Recall that \(Ax\) in this case denotes the tuple \(\begin{bmatrix} x_1 + 2x_2 + 3x_3\\4x_1+5x_2+6x_3\end{bmatrix}\).
Using tuple arithmetic, this tuple can be written as \(x_1\begin{bmatrix} 1\\4\end{bmatrix} + x_2\begin{bmatrix} 2\\5\end{bmatrix} + x_3\begin{bmatrix} 3\\6\end{bmatrix}\).
What we have here is called a linear combination of the tuples \(\begin{bmatrix}1\\4\end{bmatrix}\), \(\begin{bmatrix}2\\5\end{bmatrix}\), and \(\begin{bmatrix}3\\6\end{bmatrix}\). (In general, a linear combination of the tuples \(t_1,\ldots, t_k\) has the form \(a_1t_1+a_2t_2+\cdots +a_kt_k\) where \(a_i\) is a scalar for each \(i= 1,\ldots,k\).)
The question of whether or not \(Ax=b\) has a solution can be interpreted as follows: Is \(b\) a linear combination of the columns of \(A\)?
In general, if \(A= [A_1 \cdots A_n]\) where \(A_i\) is the \(i\)th column of \(A\) and \(x = \begin{bmatrix}x_1\\ \vdots \\ x_n\end{bmatrix}\), then \(Ax = x_1A_1 + x_2A_2 + \cdots + x_nA_n\).
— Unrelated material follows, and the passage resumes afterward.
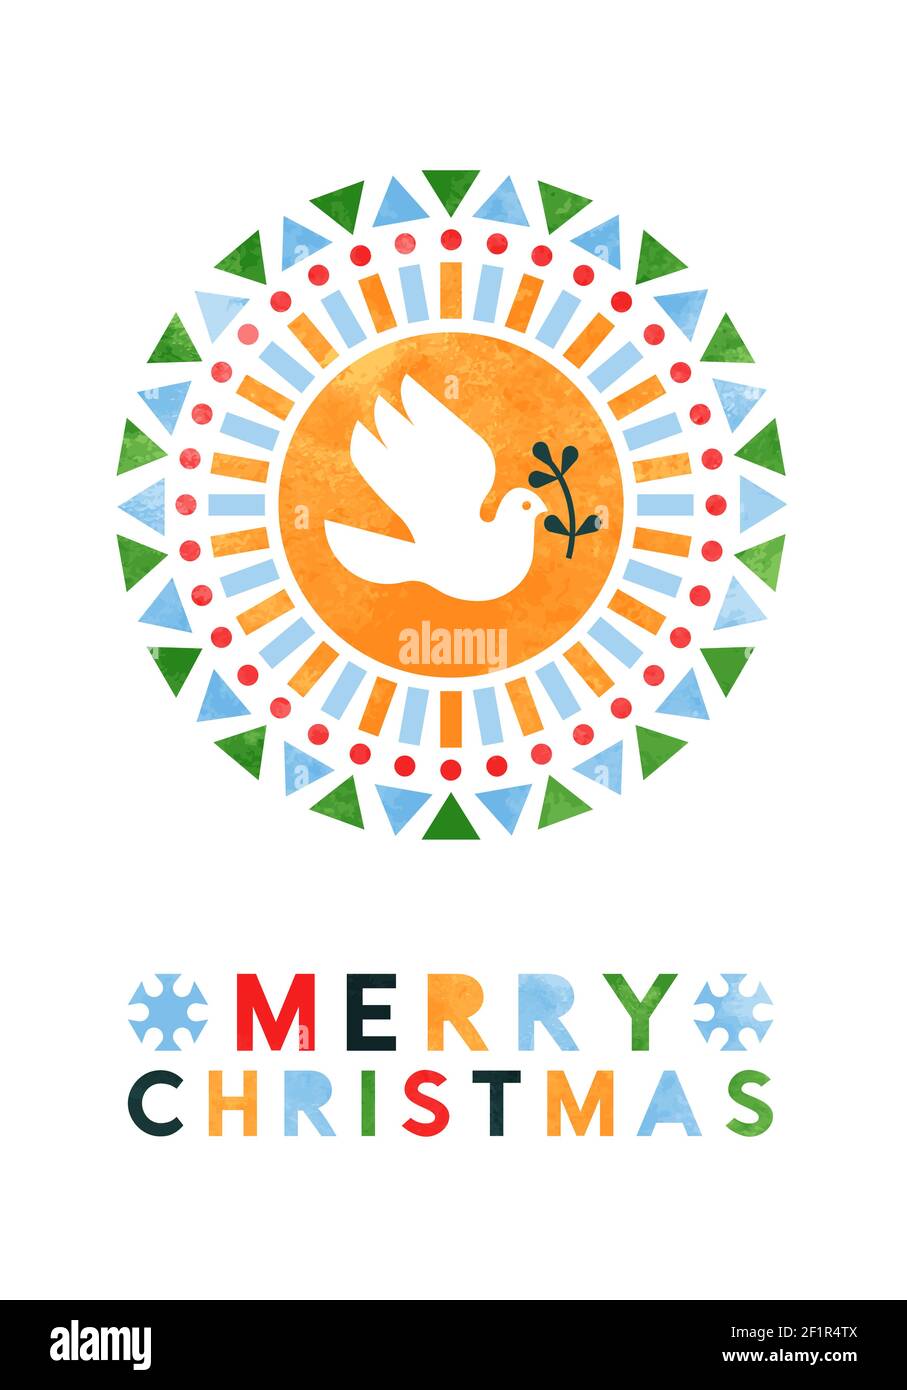 Allegro biglietto di auguri di Natale illustrazione di pace colomba uccello con astratte forme geometriche folk in tessuto acquerello. Design scandinavo moderno Illustrazione Vettoriale

Solving \(Ax=b\) means finding a linear combination of \(A_1,\ldots,A_n\) that gives \(b\).
For each of the following, write it as a linear combination of tuples with \(x,y,z\) as scalars.
\(\begin{bmatrix} x+2y-z \\ y +z \\ 2x\end{bmatrix}\)
\(\begin{bmatrix} 2z-y+x \\ x-y+z \\ y+2x\end{bmatrix}\)